Прощаясь с Антоном, они много технических вариантов обсудили. Вот один и пригодился.
Сашка, конечно, предпочел бы, чтобы у них с форзейлем поддерживалась двухсторонняя постоянная связь, но это, похоже, от самого Антона не зависело. Сказал, что в случае особой опасности поможет, как всегда, а как всегда – значит, исходя из его собственных, а не шульгинских потребностей и возможностей.
Суть-то понятна, Антон в земных делах занимается чистой партизанщиной, помимо своих основных обязанностей, которые неизвестно в чем заключаются, да и вообще по своей он воле действует или нет, неизвестно тоже. Но и сама мысль о том, что помощь, в случае чего, прийти может, грела душу.
– Одним словом, – сказал он, вновь отключая защиту, – все, что на сей момент от нас зависит, мы обсудили. Теперь остается ждать развития событий. В город выйти, морозным воздухом подышать не желаете?
– Что-то не хочется, – ответил Буданцев. – В тепле мне больше нравится. Доедим-допьем, что осталось, а потом я вас провожу, если захотите. Или Лихареву позвоните, он вас заберет, когда домой поедет…
– И так можно, – согласился Шульгин, в душе посетовав, что техника здесь не та. Сейчас бы телевизор включили, футбол или хоккей посмотрели, вот и скоротали время до урочного часа.
Внезапно Шульгину захотелось уйти от Буданцева. Просто захотелось, и все. Как не раз и прежде бывало. Сильное душевное побуждение или предчувствие, но вдруг остро стало понятно, что дальше оставаться здесь нельзя. Бессмысленно или даже опасно. Почему, как – уже не столь важно. Только что собирался и дальше сидеть, разговаривать на посторонние темы, выяснить, может быть, некоторые моменты нынешней жизни, не вполне понятные Шестакову, а уж ему – тем более, и вдруг зазудело, засвербело. Уйти – и все. Не столь даже важно, куда именно. К Лихареву пока нельзя, значит – куда глаза глядят.
Время не ждет, как у Джека Лондона.
Так он и сказал Буданцеву, не ссылаясь, конечно, на предчувствия. Просто обсудили, мол, что требовалось, и захотелось без всякой цели побродить по улицам.
Иван Афанасьевич понимающе кивнул. Если очень хочется – не стоит противиться настроению. Да и его, признаться, гость уже начинал тяготить. После того разговора, что состоялся, просто так сидеть и точить лясы казалось излишним. Лучше правда поваляться в постели, книжку почитать, наслаждаясь тишиной.

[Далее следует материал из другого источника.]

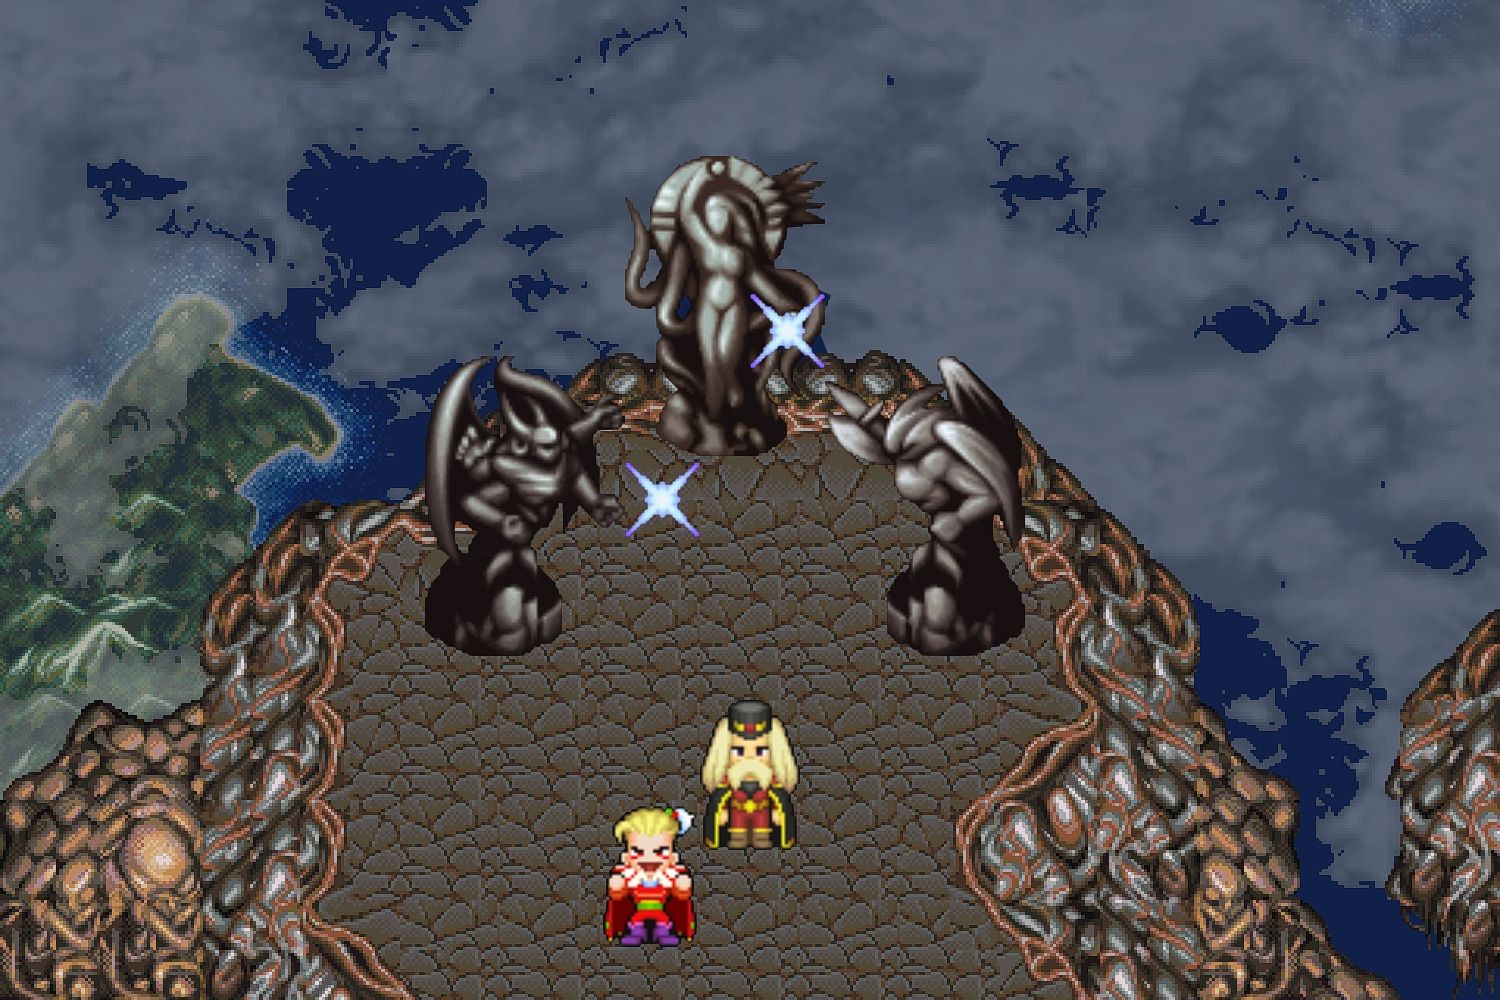 Final Fantasy The 10 Worst Things Kefka Has Done

Шульгин уже оделся, привычно похлопал по правому карману и только сейчас сообразил, что не взял с собой оружия. Дико, странно, но факт – уходя от Лихарева, он не вспомнил ни об «олимпии», ни о «ТТ», ни о «наганах», которых у него накопилось столько – хоть на аукцион выставляй. Отчего бы это? Что-что, а об оружии Сашка всегда помнил, и вдруг такой пробой. Наводка, что ли? Стало еще тревожнее. И веселее одновременно. И интереснее. «Нам ли жить в покое?»
Не для того мы к этой жизни приспособлены. Нас или заведомо хотят убить, только не получается, или, как тем собачкам из английских псарен, создают стимулирующие условия.
Не делая никакого специального лица, как бы между прочим, как можно спросить о пятаке на автобус или трамвай, Александр осведомился у Буданцева, явно с нетерпением ждавшего, когда он уйдет: «У тебя никакого лишнего пистолетика нет? Табельный не прошу. Свой я дома оставил, непростительно. Заторопил Лихарев, я и забыл, что в другом кармане «вальтер» лежит. А мне без оружия, как без штанов… Город, ночь».
Буданцев удивился никак не меньше, чем всему предыдущему. Заговор – ладно. А вот откуда у наркома, привыкшего жить, как у Христа за пазухой, такие привычки? За неделю не образуются.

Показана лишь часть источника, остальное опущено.